### SOURCE DATA:
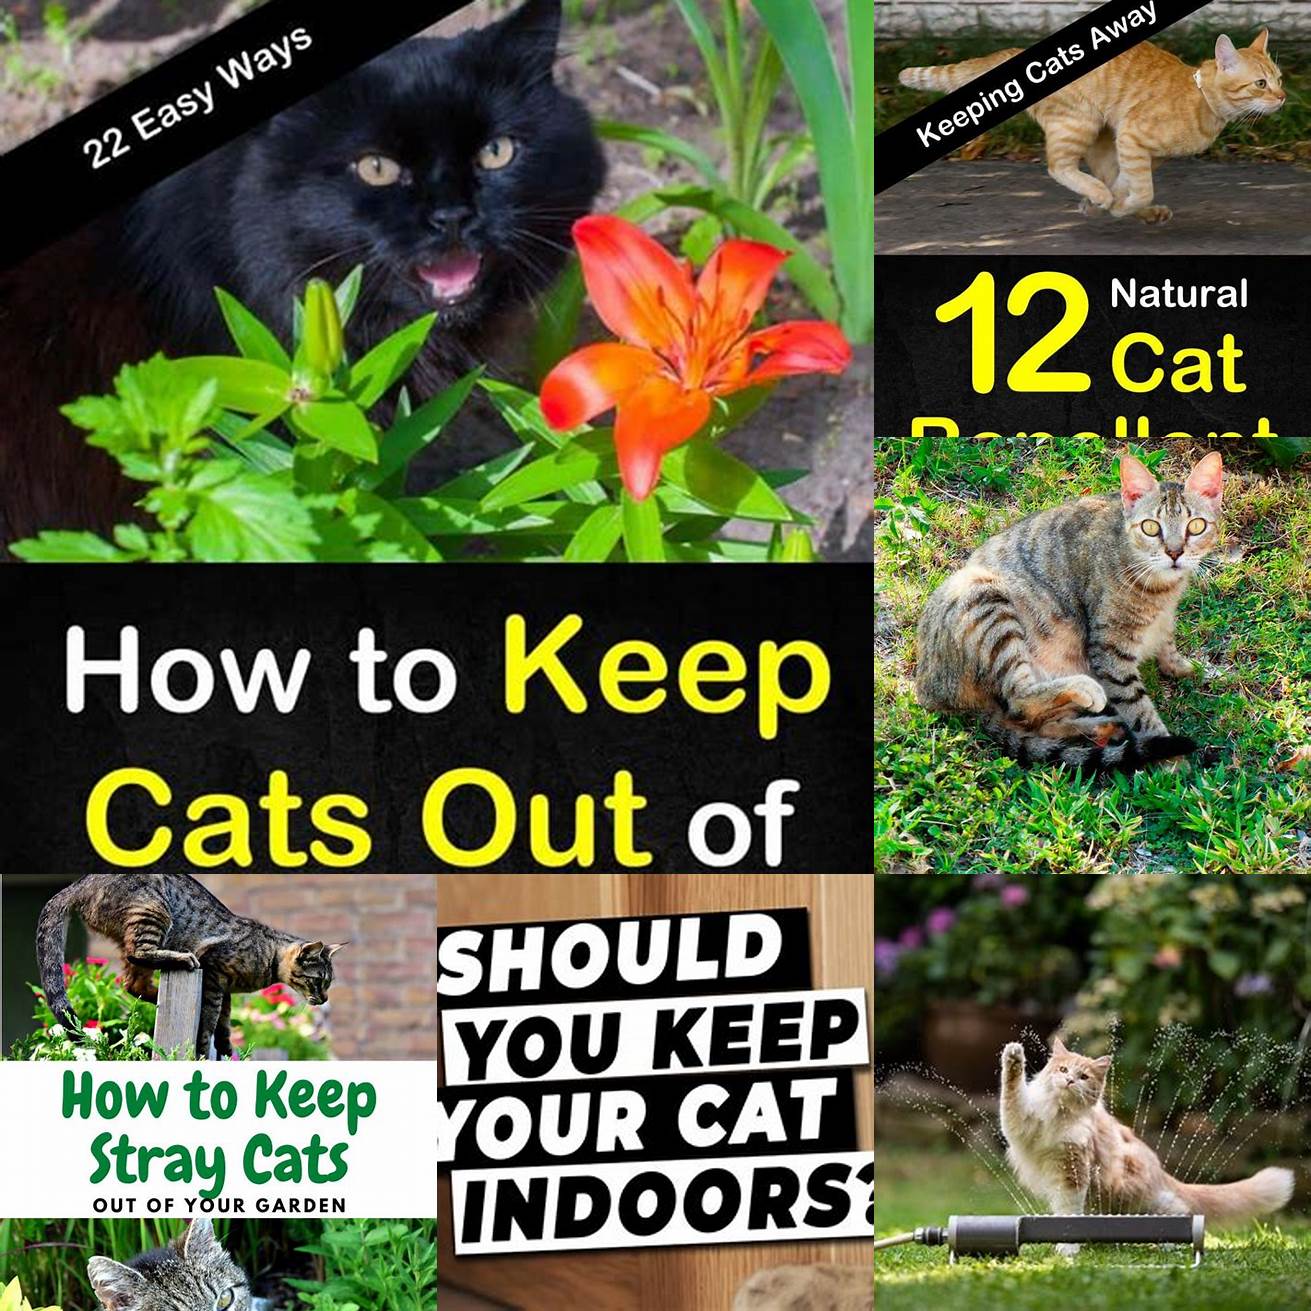 3 Keeps your cat off the ground
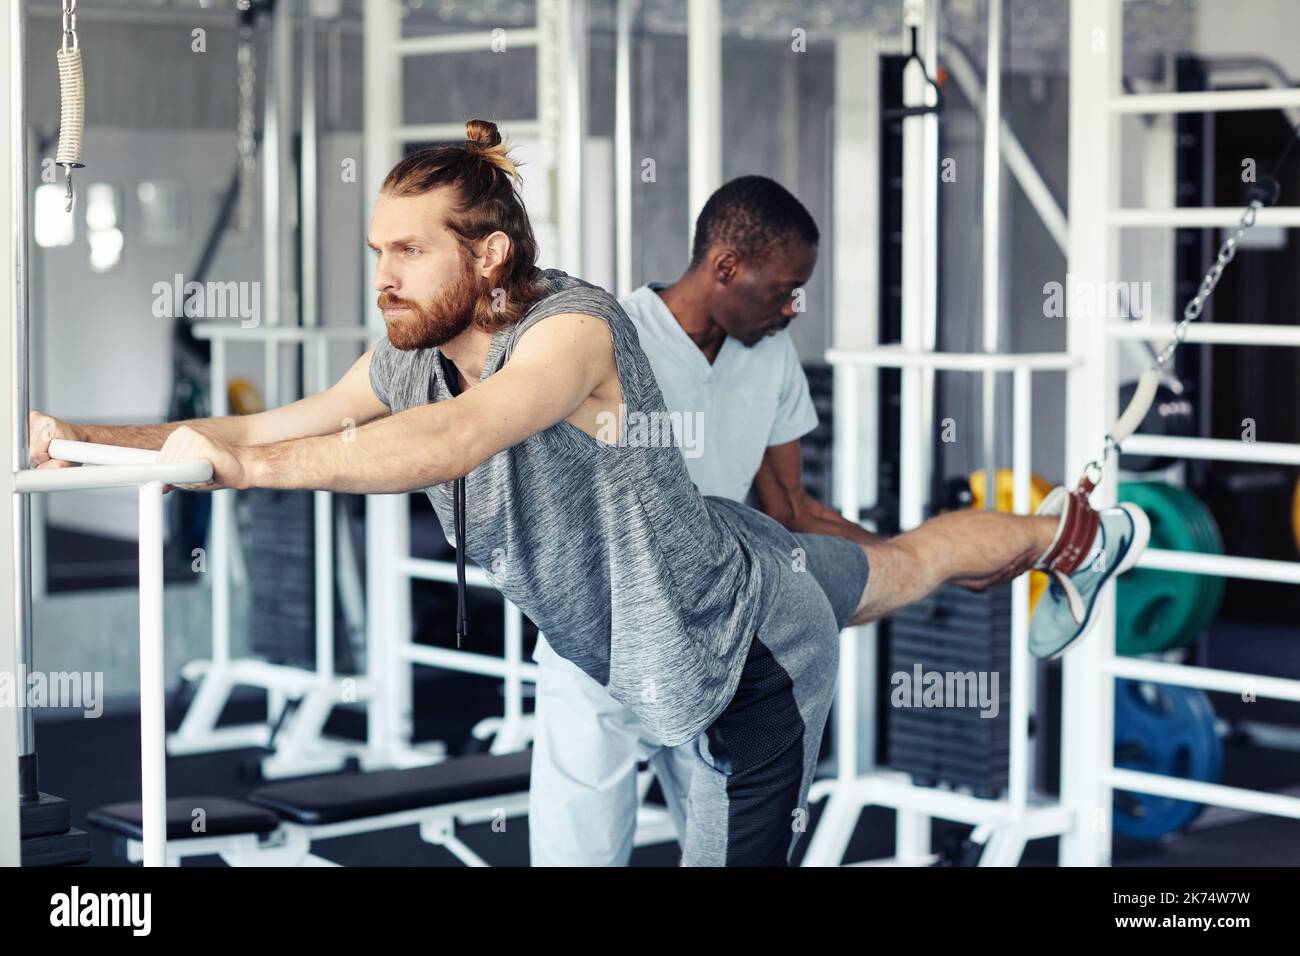 Young patient stretching his injury leg on sport equipment in gym with therapist helping him Stock Photo
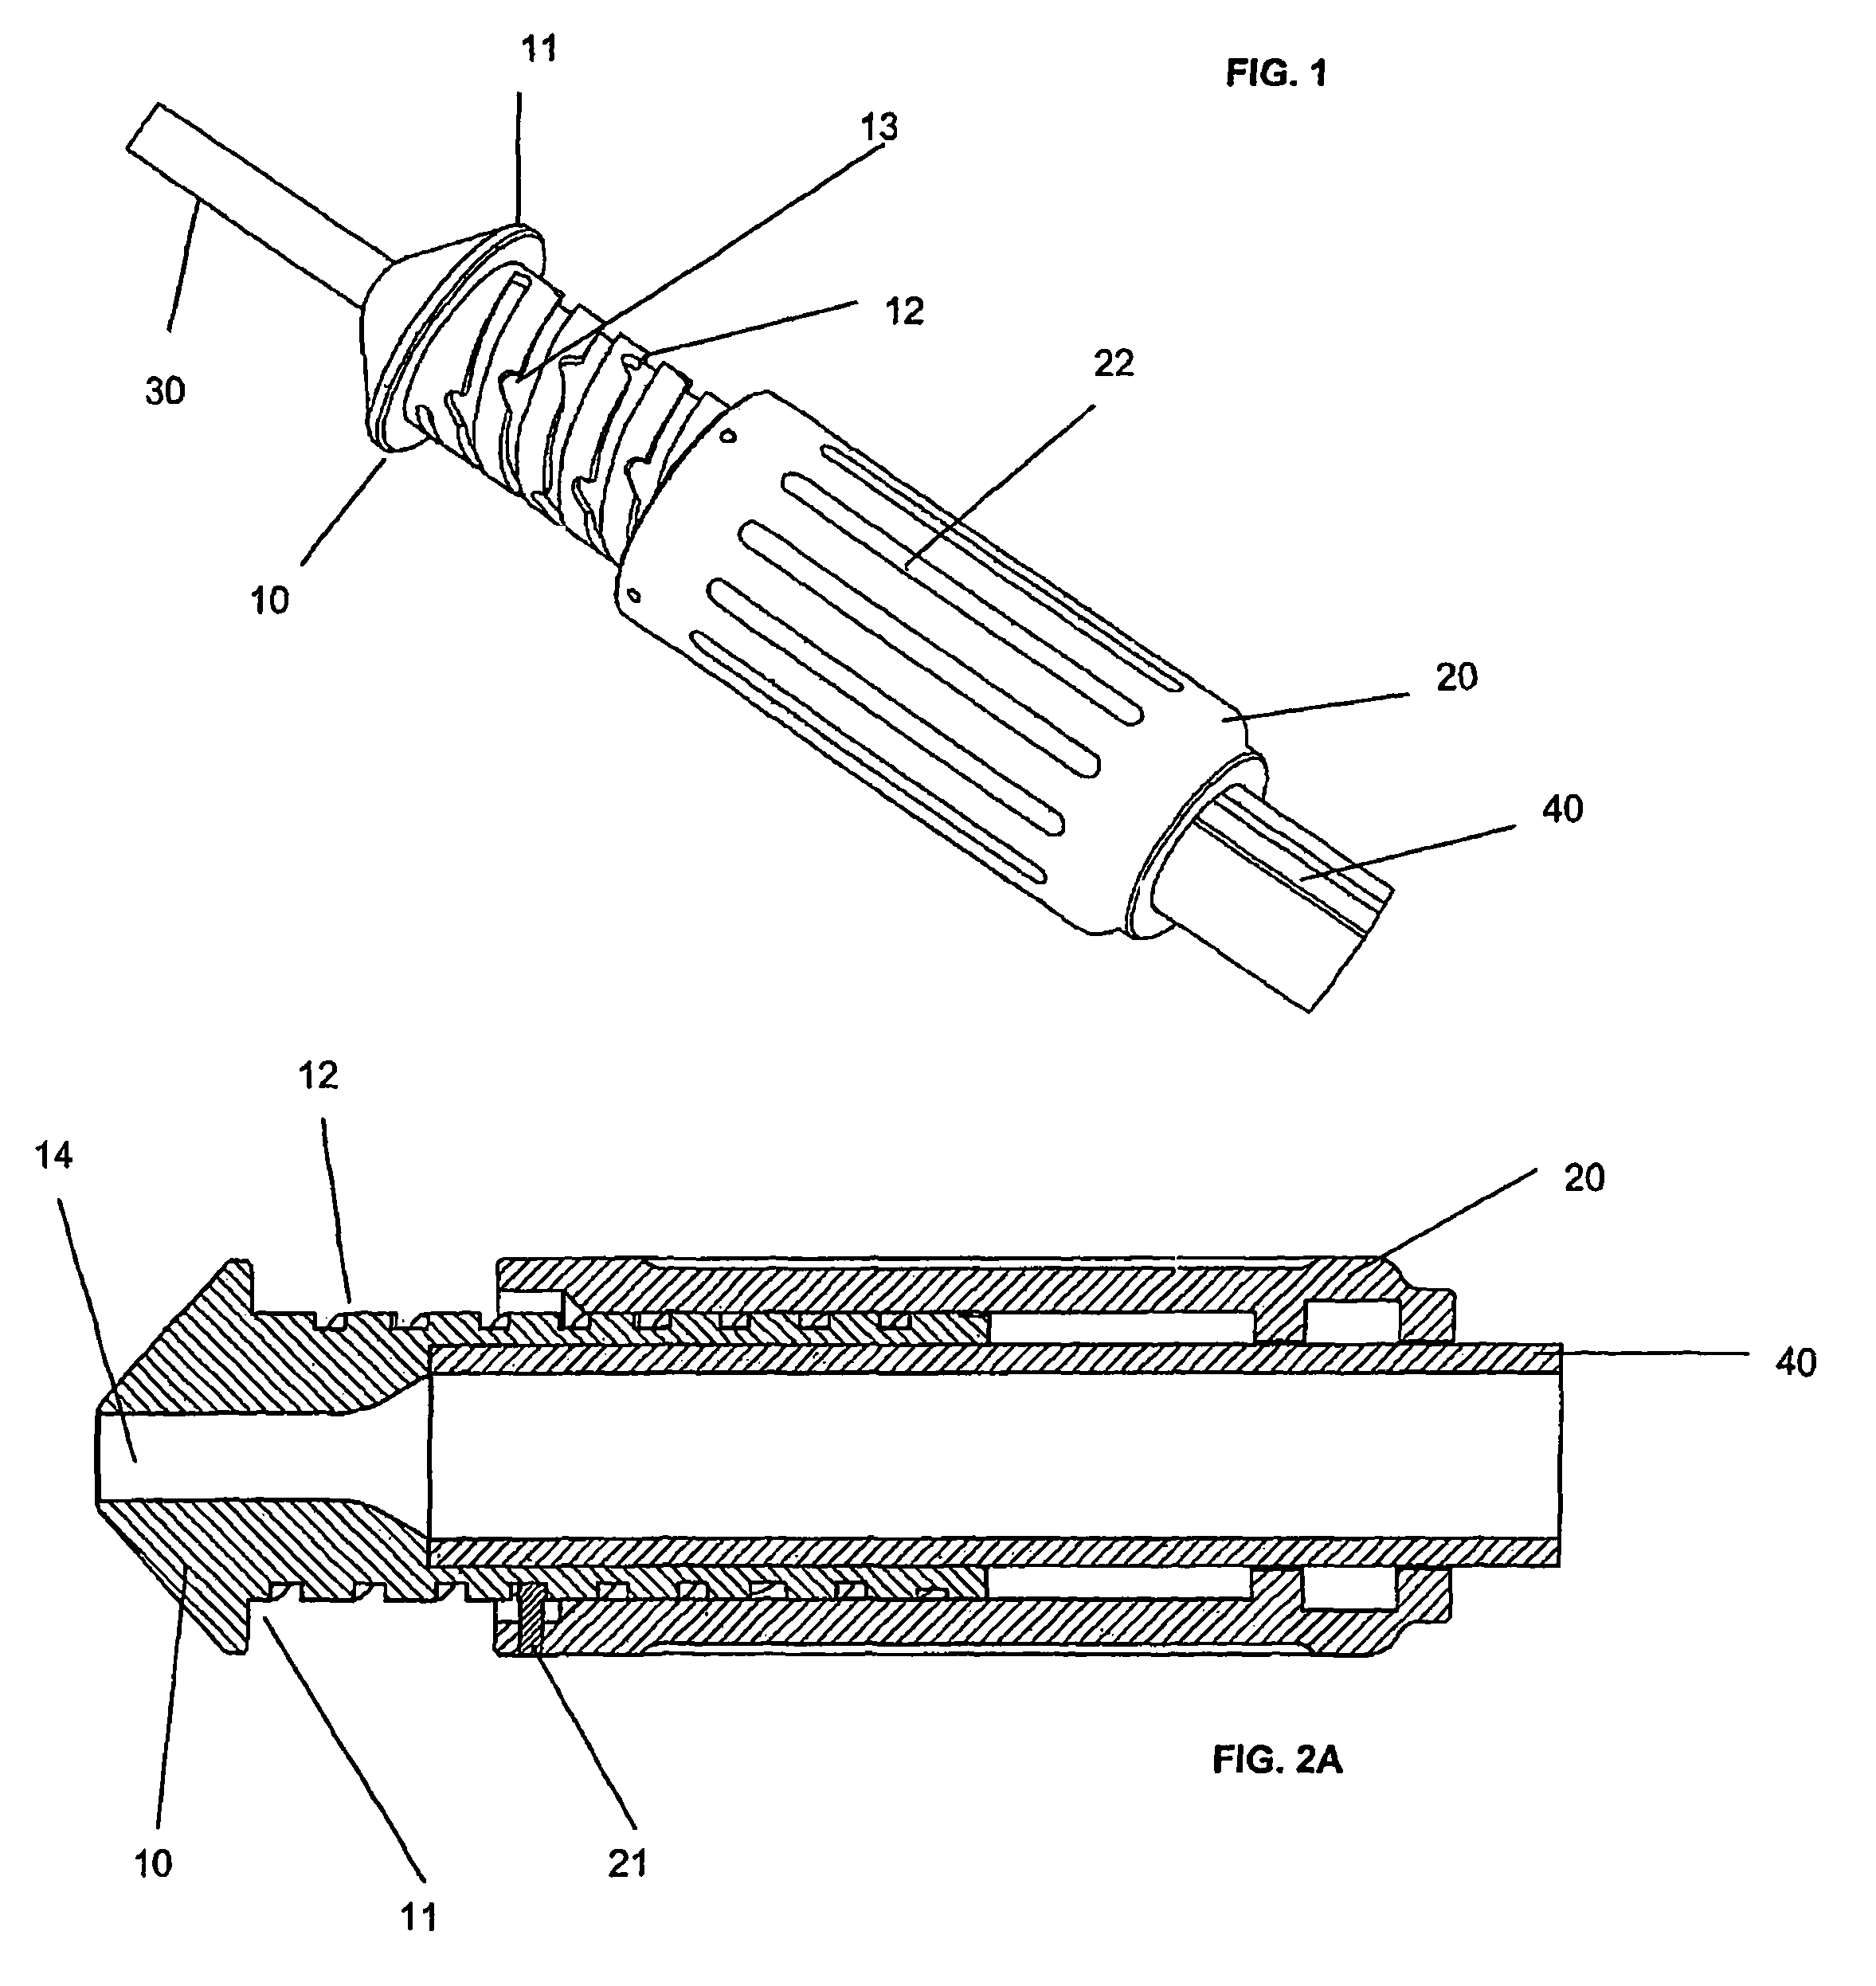 Control device for medical catheters

### TASK DIRECTIONS:
Where the data contains images, drop them and print the rest exactly.

### RESULT OF THE TASK:
 3 Keeps your cat off the ground
 Young patient stretching his injury leg on sport equipment in gym with therapist helping him Stock Photo
 Control device for medical catheters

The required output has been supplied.